## Instructions for the task
Below is a listing with pictures in it; transcribe exactly the lines from the one that has "International Seminar Marketing & Branding" through the one that has "Stripe White Red Formal Shirt For Men", and omit those pictures.

## Data records
>>>>
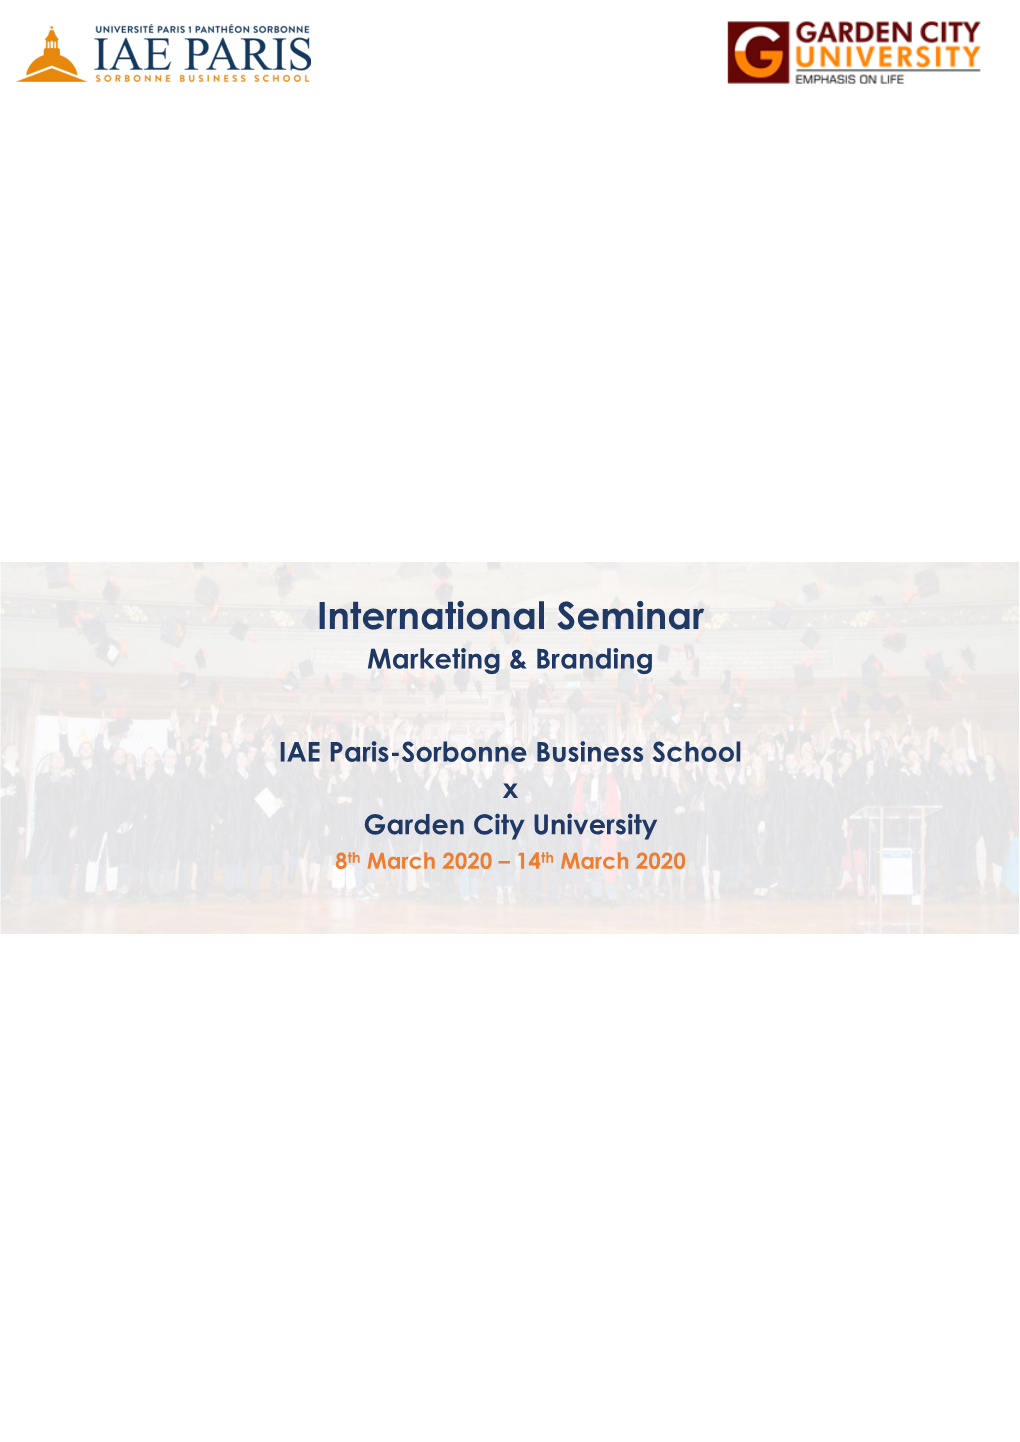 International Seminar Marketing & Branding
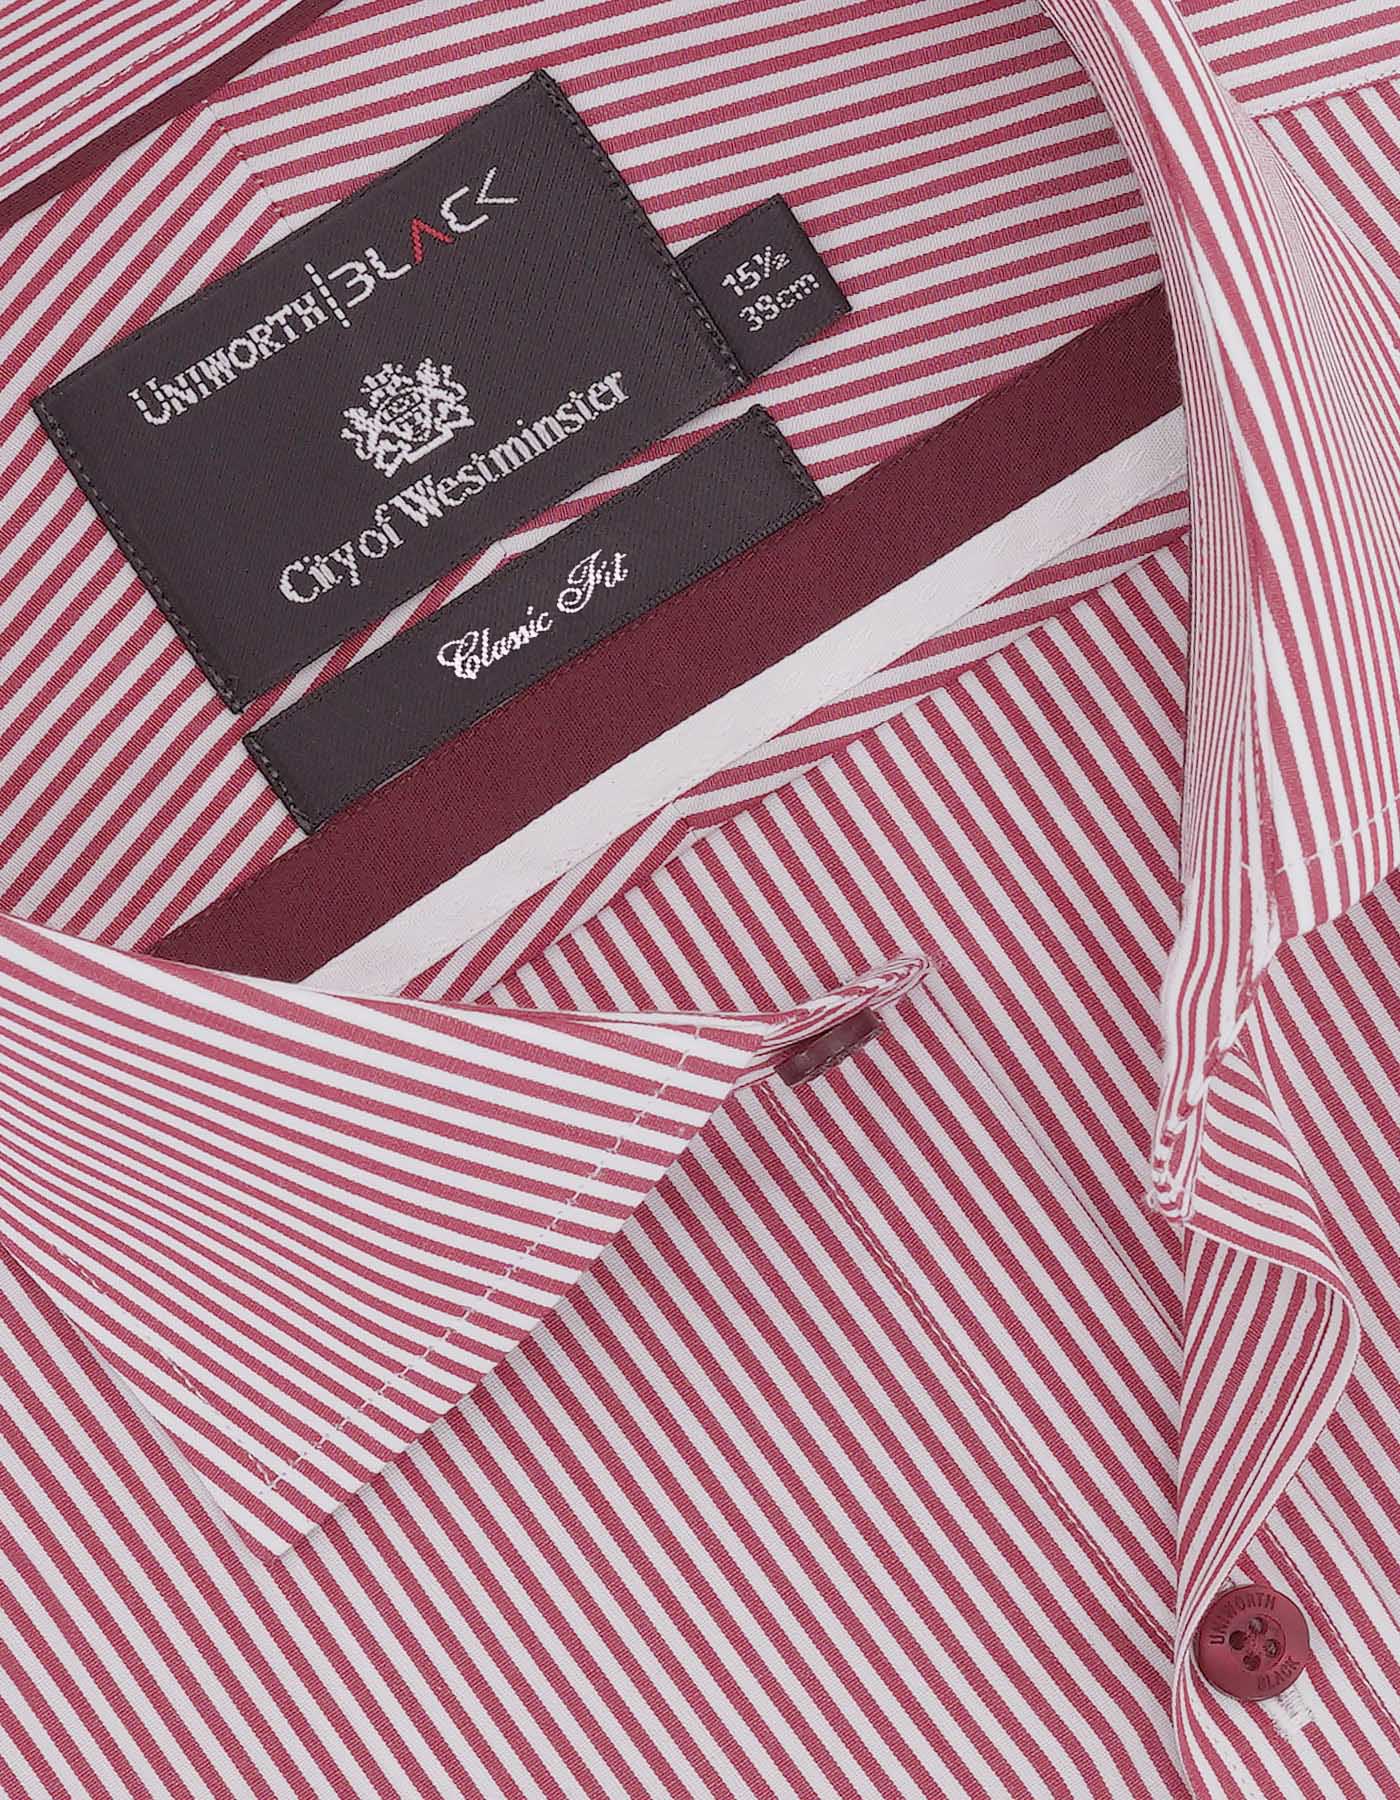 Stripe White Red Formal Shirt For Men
<<<<
>>>>
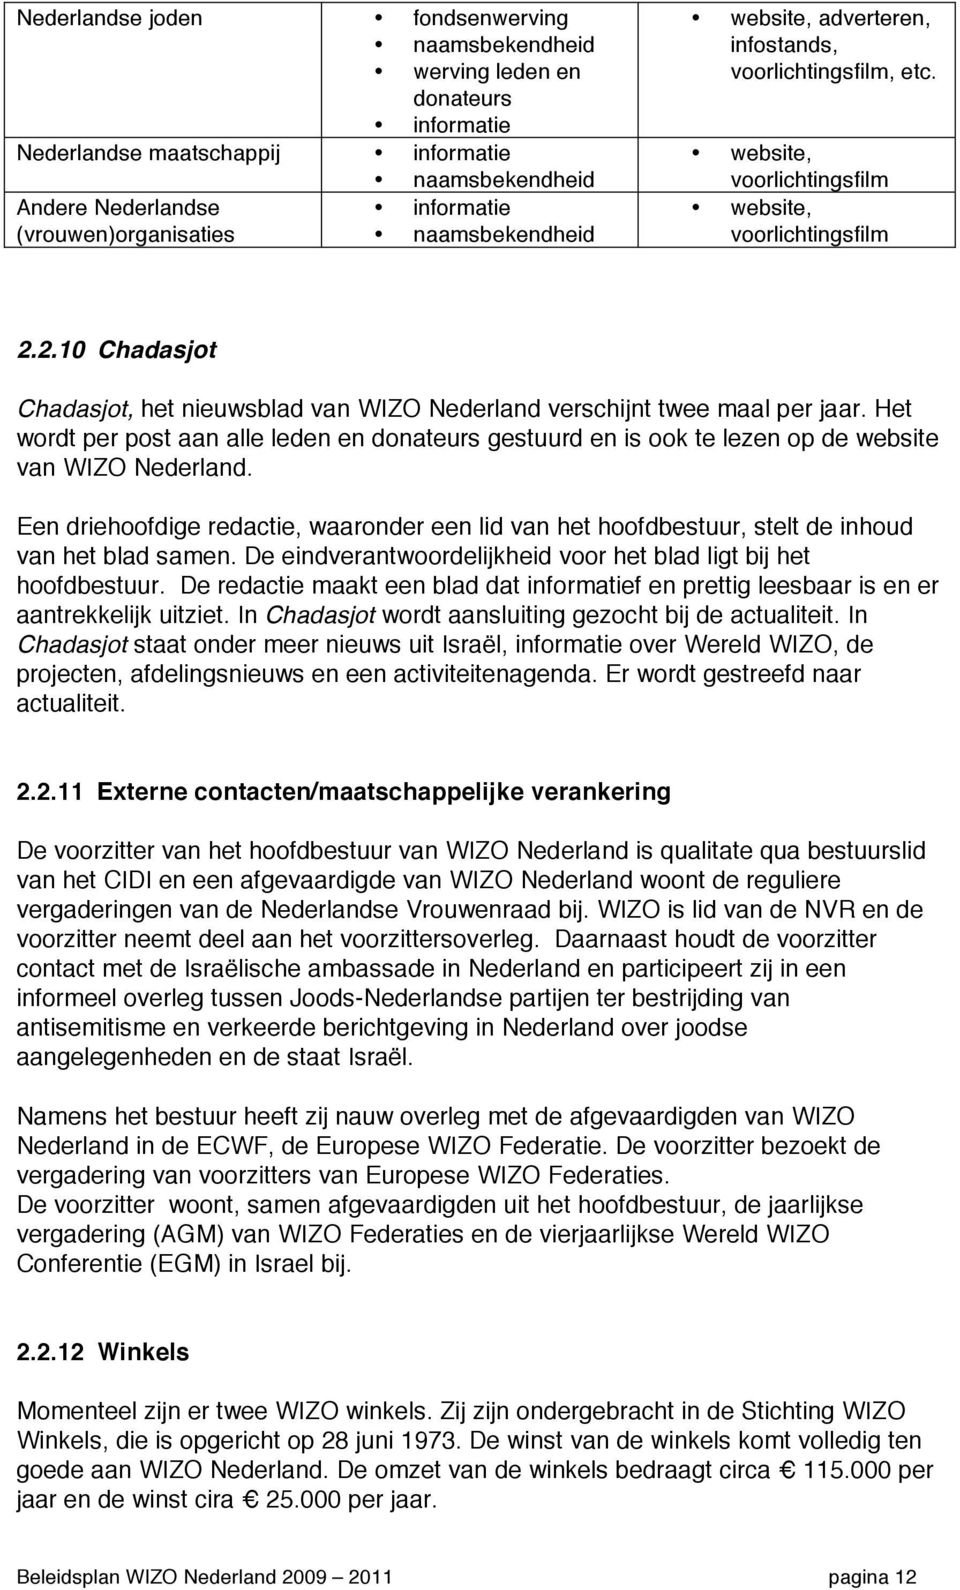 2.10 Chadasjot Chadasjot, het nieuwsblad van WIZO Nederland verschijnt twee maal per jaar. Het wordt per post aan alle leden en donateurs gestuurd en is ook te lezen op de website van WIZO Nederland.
<<<<
>>>>
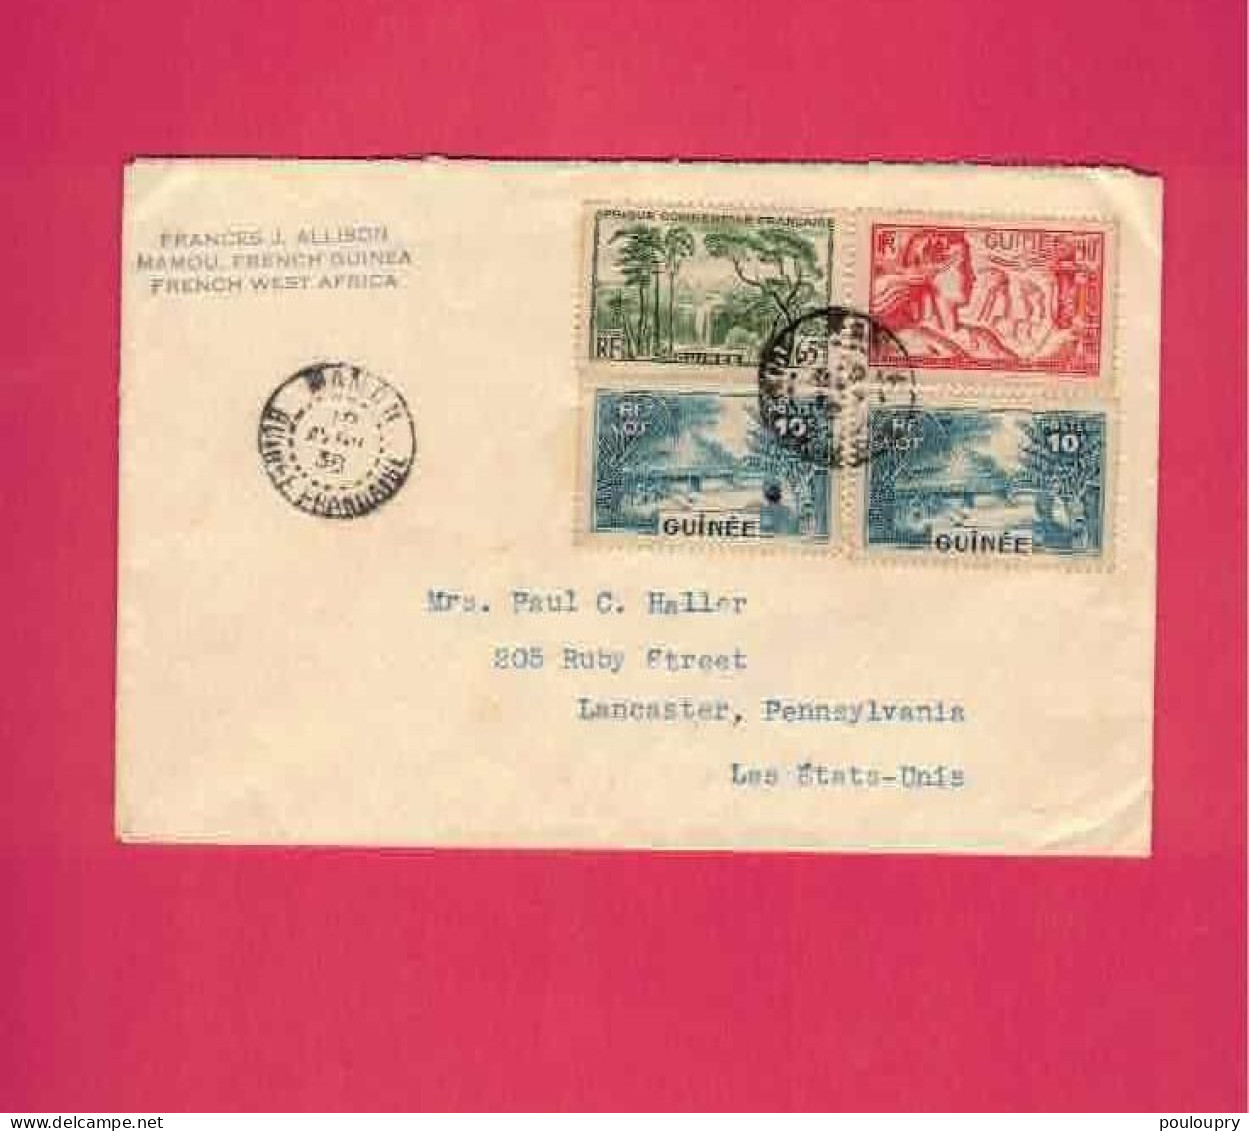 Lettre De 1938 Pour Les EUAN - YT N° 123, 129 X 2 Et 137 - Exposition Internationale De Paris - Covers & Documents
<<<<
## Solution to this task
 International Seminar Marketing & Branding
 Stripe White Red Formal Shirt For Men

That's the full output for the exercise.